Chalcus was the first to laugh, but they all joined in as they started forward. The laughter and companionship were better than sunlight in this place; though Ilna'd be glad to reach sunlight also.

Where the centipede's body narrowed the tunnel to one person at a time, Sharina followed Cashel and Gondor was immediately behind her. Garric and his entourage—Attaper and the two veterans—brought up the rear.

The first time Sharina'd passed the centipede, she'd scraped herself on the bristles sprouting from a leg joint. The break in the skin had begun to fester. She moved carefully now instead of scrambling over the chitinous obstacles with the haste her instincts urged. She really wanted to be out of this place!

Though the huge corpse still twitched, men passed it without the bunching and hesitation Sharina had seen when they were going the other way. Maybe that was because the vivid light that guided the troops hid rather than illuminated the legs pressing against the dark ceiling; and maybe it was just that they were leaving. These were brave men or they'd never have come this way at all, but leaving didn't require that they struggle against their hope of survival at every step.

“We didn't drink Her blood,” murmured the axe in a faint, musical tone, “but we drank deep, blood and brains and souls. What will happen now to poor Beard, though?”

What would happen to any of them?
Sharina thought with a stab of longing for her placid existence as a girl. Now she lived in a world where she might get up in the middle of the night because of a funny light and find herself dragged into a place ruled by a wizard for Her own evil purposes. . . .

“It's the same world, mistress,” the axe said. “You just understand what you didn't understand when you were younger. Perhaps you'd rather be ignorant?”

Sharina smiled wryly. “No,” she said. “I'd rather know the truth. I just wish the truth was different, sometimes.”

“And because you do know the truth, mistress, and act on what you know . . .” said the axe. “The truth becomes a little different, a little better, for other people. And Beard drinks his fill for a time, a brief time.”

Sharina was holding the axe in her right hand. With the fingers of her left she stroked the helve, then the steel head. Beard chuckled as if from deep in his throat. The sound trembled through Sharina's fingertips, reminding her of a cat purring; a very large cat.
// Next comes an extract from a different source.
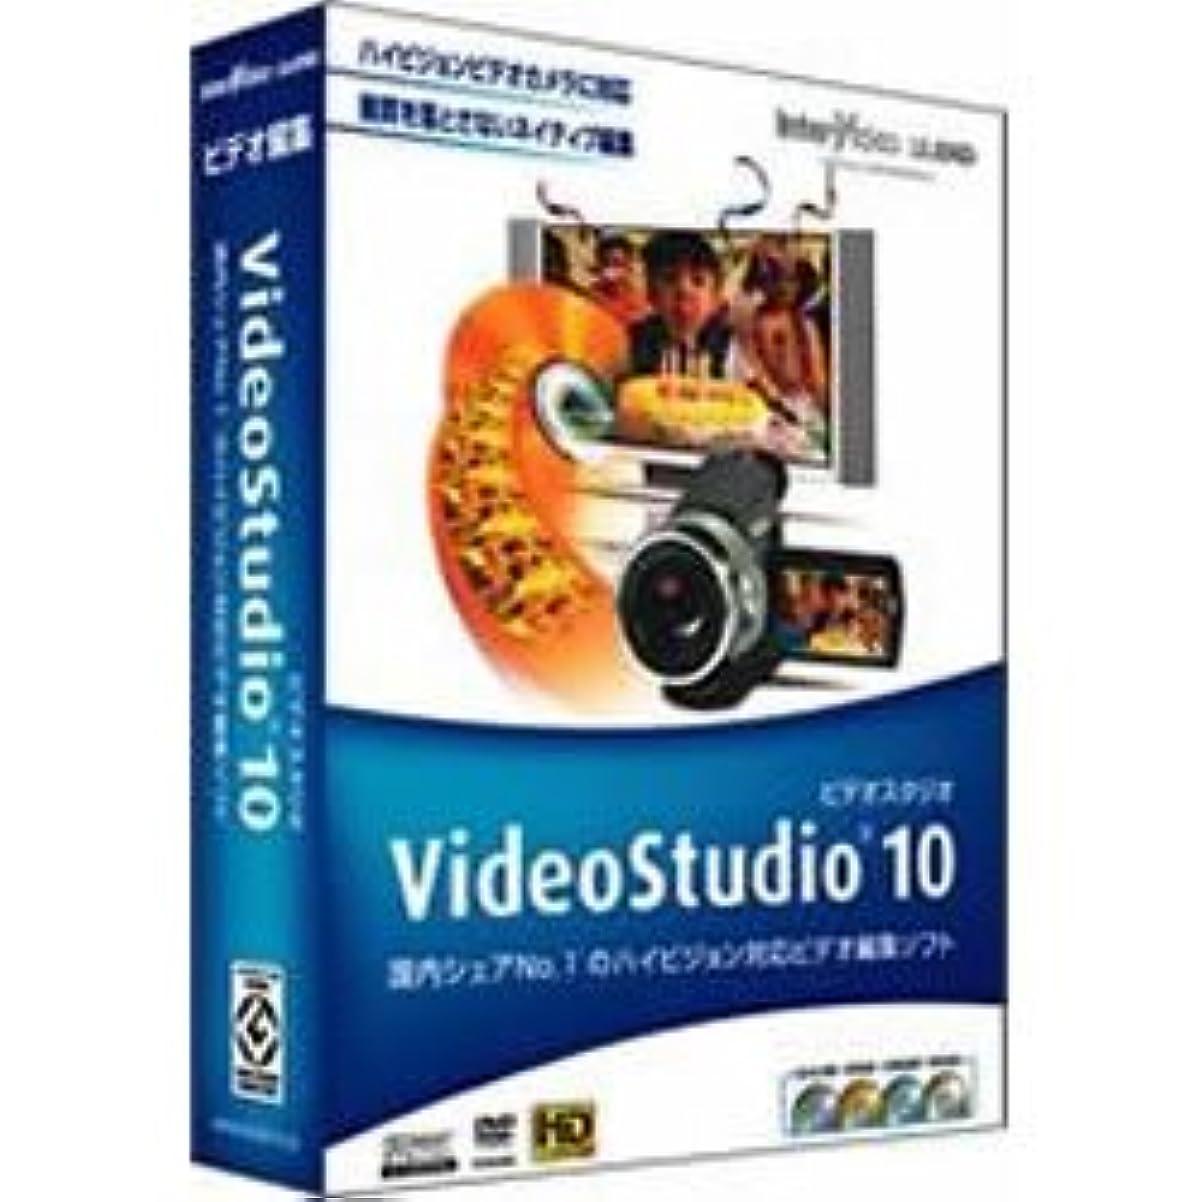 対応倫理承認するVideoStudio10 入門セット

She laughed and reached forward to touch Cashel's shoulder. Together they entered the rotunda where she'd first rejoined her friends and the army.

There were still many people here, but nothing like the crowd there'd been when Sharina arrived. The exit corridor was broad enough to let the soldiers march in squad ranks, and there wasn't a monster's corpse along the route to narrow it. Even so the rotunda's human contents didn't drain quickly. Sharina hadn't believed how long it took a large body of troops to march off in column until she'd seen the process twice: the second time to convince her that something hadn't gone horribly wrong on the first occasion.